Ian wasn’t done calling in artillery strikes. Shells blasted enemy APCs, machine gun nests, mortars, enemy-controlled buildings, and any other target that showed itself.
Charles led a group of two APCs, a Humvee, and two trucks to assault the palace itself. Within minutes he was at the front doors. He directed gunfire, RPGs, and small mortars at the walls, doors, and windows. Small arms fire cut down two of his men as they set up a .50 caliber machine gun, but he returned better than he got.
As soon as he had the grounds reasonably secure, he jumped down from his vehicle and gathered a small force to assault the palace. The Blackwing troops were still engaged with rebels on the road and mop up actions near the airport.
Charles entered the building with twenty men. It was less than half the force he’d taken to assault the farm house, and he felt a hint of the old caution returning. But he didn’t dare wait. Their advantage might be temporary; if the American jets returned, they could annihilate his forces, destroy the Caesar artillery. He had to end this, now.

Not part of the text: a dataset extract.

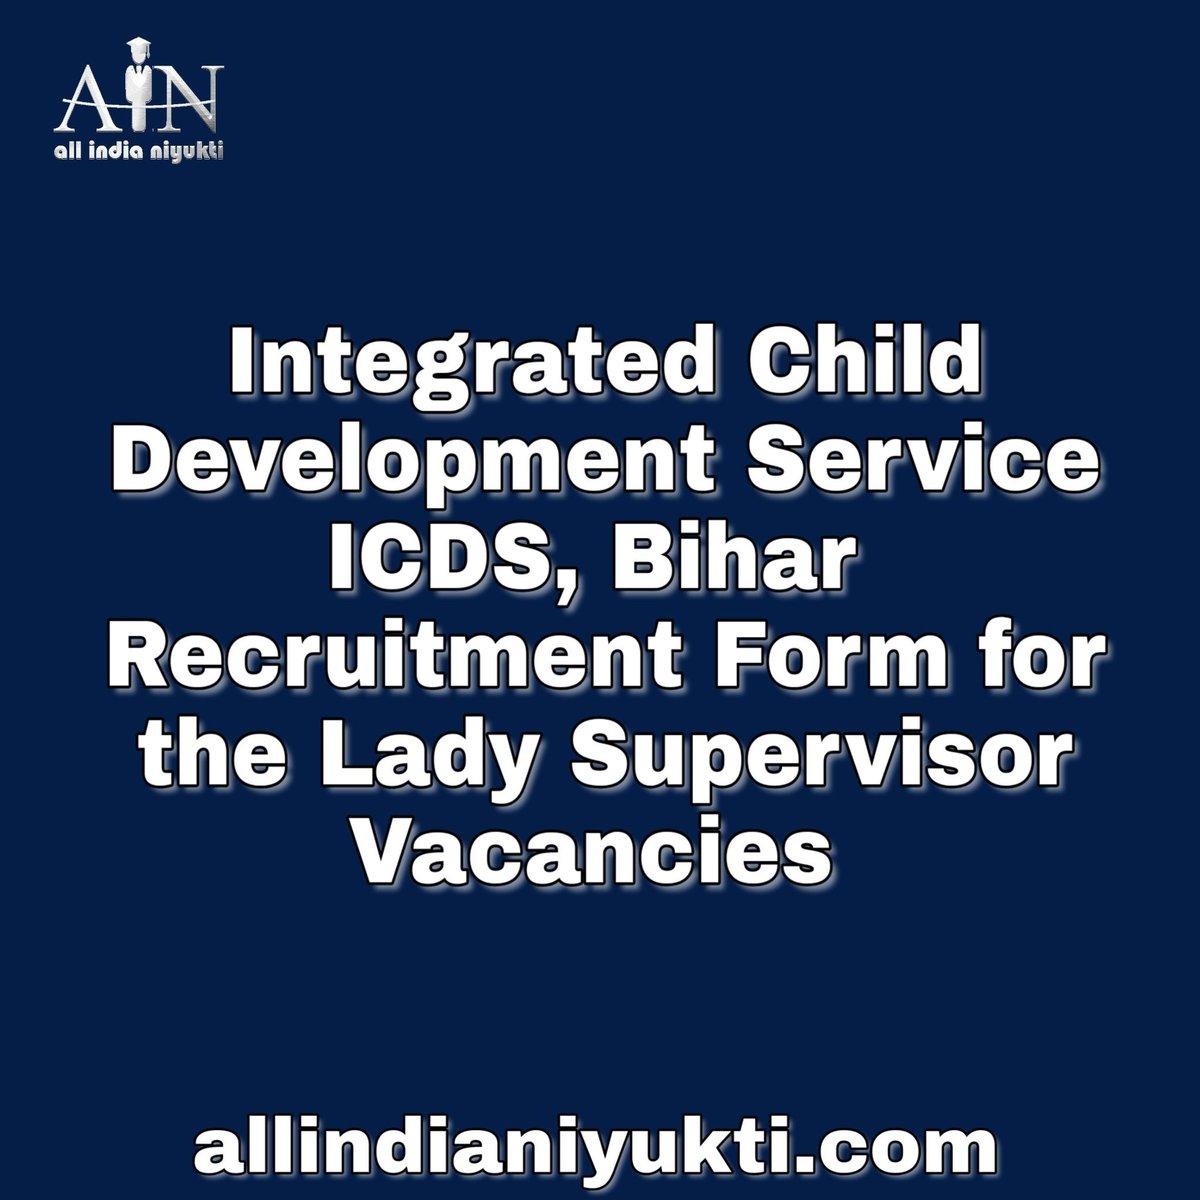 All-India-Niyukti (@AllIndiaNiyukti) | Twitter

He didn’t like the Presidential Palace, never had. It represented everything wrong with Africa. It was gaudy, ornate and oversized. Built by the North Koreans (now there was a model for Namibia to follow) at a cost of a billion Namibian dollars (officially), and dedicated with great fanfare. It was a monument to a glorious so
cialist future and freedom from imperialism.

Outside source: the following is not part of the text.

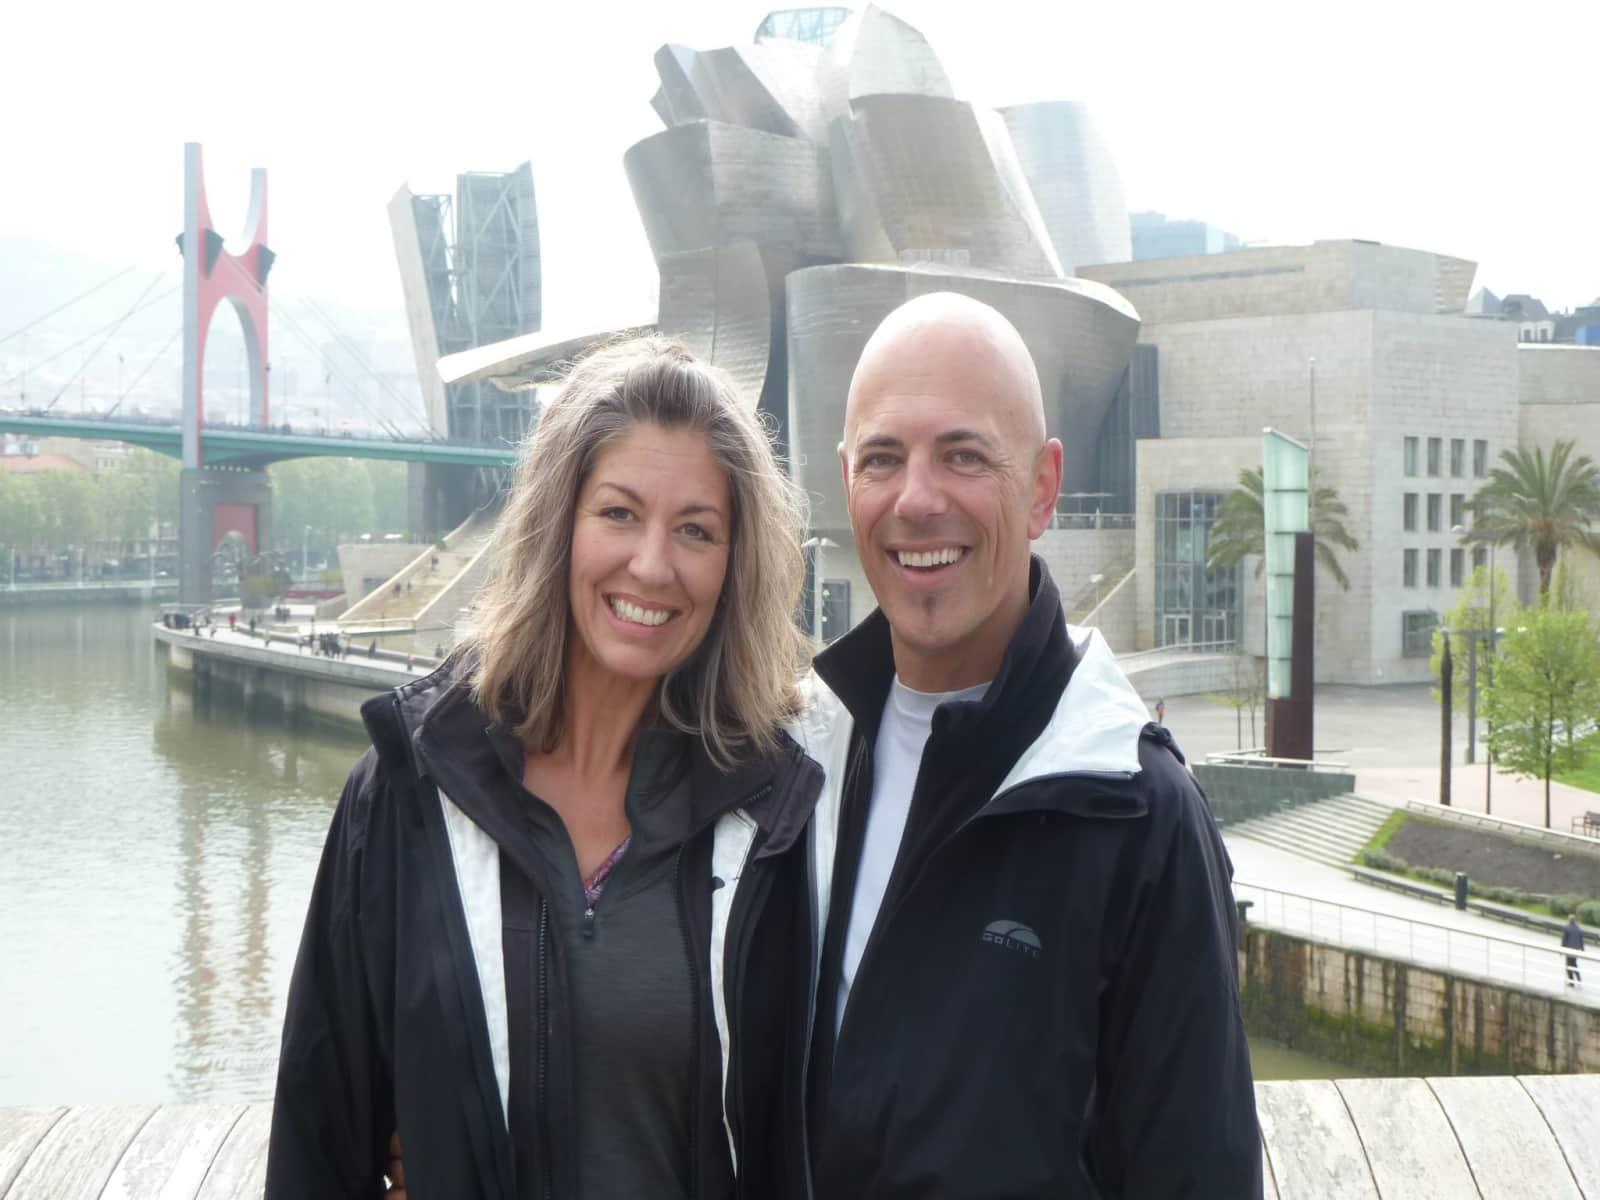 Audra & Greg from Bellevue, Washington, United States

Stepping inside, he was shaken by the destruction. The art and cultural icons on display had been looted or destroyed. Cabinets lay on their sides with doors smashed to splinters. Bullet holes tore up plaster and marble tables lay in pieces. The paintings were gone from the wall, every niche that had once held a pot or basket—Namibian heritage—had been emptied. Some of these things lay broken on the ground. Most were simply gone.
A half dozen rebels made a stand in the hallway off the cabinet meeting rooms. Charles lost one, killed three, took three more captive. He lay the prisoners side by side on their bellies, had his men jab them with gun barrels.

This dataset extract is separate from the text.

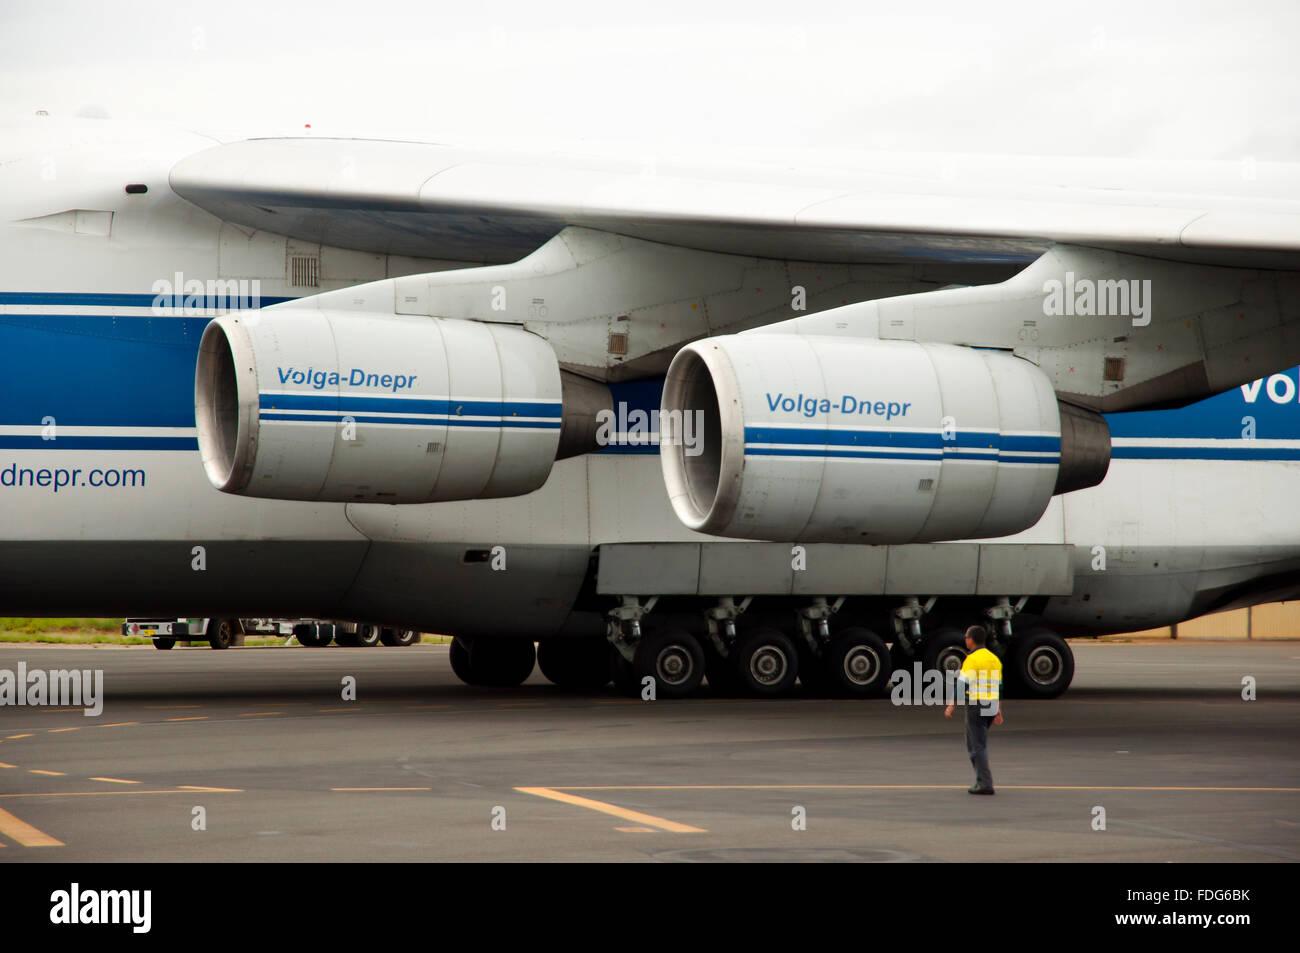 Russian Volga-Dnepr Antonov (AN-124) cargo airplane - Stock Image

“Where is he? Your so-called president?”
They were quiet.
“It’s over, he’s lost. And you are the traitors who supported him. Speak up or I’ll line you up against the wall and execute you for treason.”
“End of the hall. Last room on the right. He’s trying to call an American helicopter to send a rescue.”
Charles left two of his men to guard the prisoners. He led the others down the hall. They kicked in each door in turn, to guard against ambush, but most of the rooms were empty. He took two more prisoners, but avoided more firefights.
There were only two men in the last room, William and a single bodyguard. William was speaking on a cell phone, pleading with someone on the other end. He turned as Charles entered and his face fell.
The guard threw down his weapon and lifted his hands. He stepped away from William, distancing himself from the former Minister of Mines and Energy, the self-proclaimed president of Namibia.
William dropped his phone and bent as if to grab for the man’s gun. Charles didn’t shout a warning, just waited with a feeling of grim satisfaction for his brother to make the move. He had a dozen men in the room already, each with a weapon pointed at William Ikanbo. Let him do it, let him pay for his crimes right here and now.
But his brother seemed to think better of the move, no doubt making the same calculation. He stopped, straightened and lifted his hands to put them over his head.